Disabling effects of PoTS shown in largest ever survey and how educating health professionals can help


Postural orthostatic Tachycardia syndrome or PoTS, is a complete bastard of a condition. It doesn't kill, thankfully, but it can quite often make you feel like you have no life in you.
It can be a condition on its own or a comorbidity of another condition, such as mine, Ehlers Danlos syndrome. 
In its extreme, life-altering state, it's pretty rare and extremely misunderstood. The charity PoTS UK, has teamed up with researchers and conducted the biggest ever survey of people - mainly women - living with the condition. The research, A profile of patients with postural tachycardia syndrome and their experience of healthcare in the UK is published in the British Journal of Cardiology.

It covered causes, symptoms and treatment options. You can find the whole survey here. 
Below are a few excerpts: 

Postural tachycardia syndrome (PoTS) is a recently recognised condition that usually affects younger women, who develop symptoms of orthostatic intolerance and a persistent tachycardia on standing upright. Healthcare professionals, patients and the national patient support group (PoTS UK) together created a survey, and the responses of 779 UK PoTS patients were analysed. The most common symptoms of PoTS at presentation were the triad of fatigue, lightheadedness and palpitations. Mobility, ability to work or attend education, and quality of life were significantly restricted. Cardiologists, followed by patients, were most likely to be the first to suggest the diagnosis of PoTS. Patients waited a mean of almost four years from presentation to obtain their diagnosis and, meantime, psychiatric mislabeling was common. Advice given to patients regarding lifestyle changes was variable, and those referred to specialist practitioners for help, found practitioners had limited knowledge about management of PoTS. Increased education of healthcare professionals and improved services for patients are recommended. 

And this is key. I find a little knowledge is a dangerous thing. If a health professional has heard of PoTS, their knowledge is usually incomplete and often based on faulty assumptions, such as, "Well your blood pressure didn't change quickly enough when you stood up so it can't be PoTs," or, "We did a 24 hour ECG and you were fine," despite numerous spikes in heartbeat of more than 30bpm when just standing or walking slowly up stairs (or half a staircase).

Treatments vary depending on if your symptoms are blood pressure or cardiac arrhythmia driven. For me, I have little blood pressure response, but my EDS means my blood vessels in my lower extremities are too stretchy to constrict quickly enough when I stand. This means blood begins to pool in my extremities, my brain tells my heart it isn't getting enough oxygenated blood and so the heart races to restore the flow. I feel dizzy, light-headed, pressure in my chest from a racing heart and nausea. It can continue for a while after I sit or sometimes have to lie down after the after-effects can linger for hours. On occasion, that's not enough and I have to put my legs in the air as well - tricky if you're out! If no chair is around, you'll see me bending completely over to try to even things out. So much for 'invisible illness'. 

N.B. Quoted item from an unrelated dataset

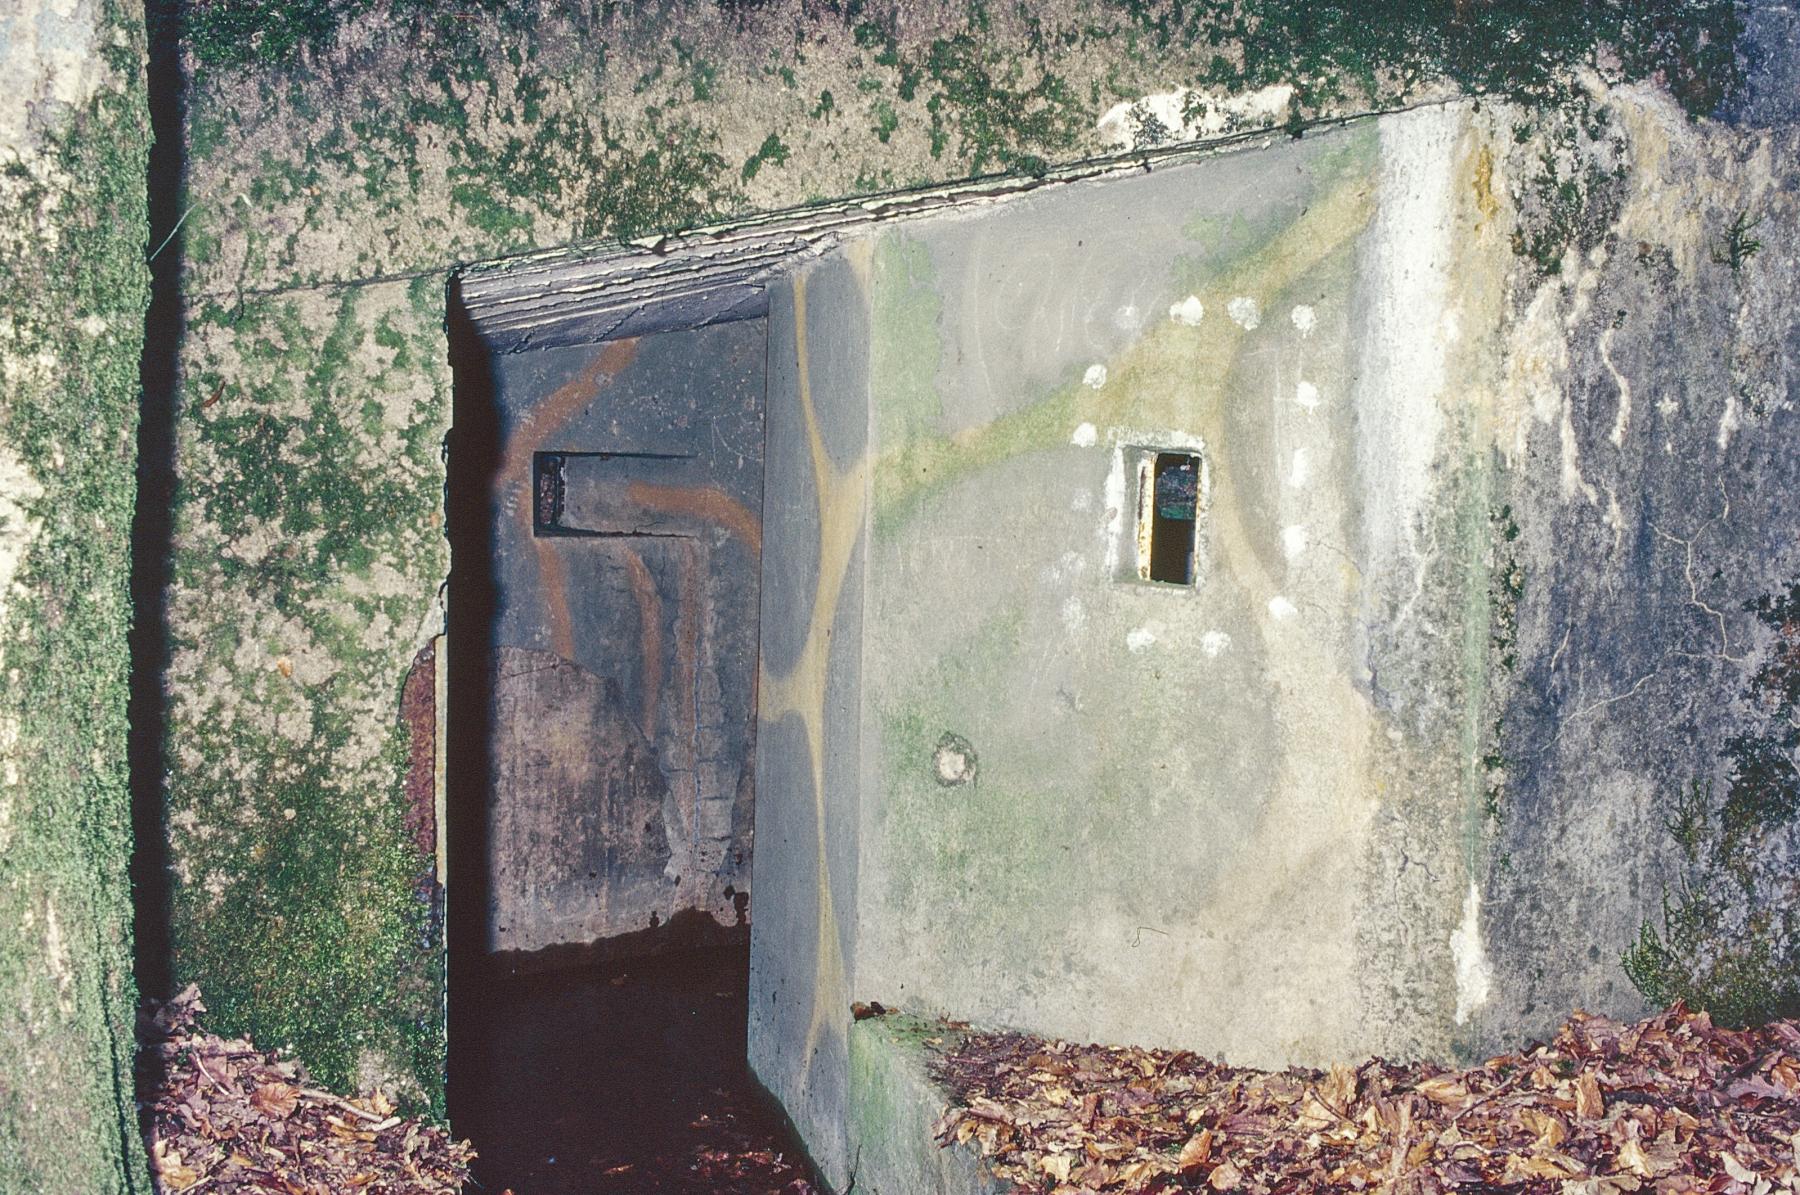 Ligne Maginot - F2B - GRUNDVILLER 5 - (Blockhaus pour arme infanterie) - L'entrée
La peinture camouflage est encore visible

The report says of PoTS:  

Diagnosis is usually made by active stand test or tilt-table testing. Few treatments for PoTS have been tested in randomised-controlled trials. Patients are initially managed with increased fluid and salt intake to increase blood volume, avoidance of symptom triggers (heat, prolonged standing, alcohol, drugs that induce tachycardia or hypotension), small frequent meals (low in refined carbohydrates), graded exercise (initially in a horizontal position) and compression garments to reduce venous pooling. Drug treatment can be aimed at reducing tachycardia (low-dose beta blockers, ivabradine, pyridostigmine), vasoconstriction (midodrine), boosting blood volume (fludrocortisone, desmopressin) or for their sympatholytic effects in hyperadrenergic PoTS (clonidine, methyl dopa).

showing heart rate of 151
My heart rate from 69 sitting to 151bpm 15 seconds later walking slowly half way up the stairs

Interestingly, 92% of the survey respondents were female and half had an additional diagnosis, like myself, of EDS. Many reported fatigue as one of the most debilitating symptoms.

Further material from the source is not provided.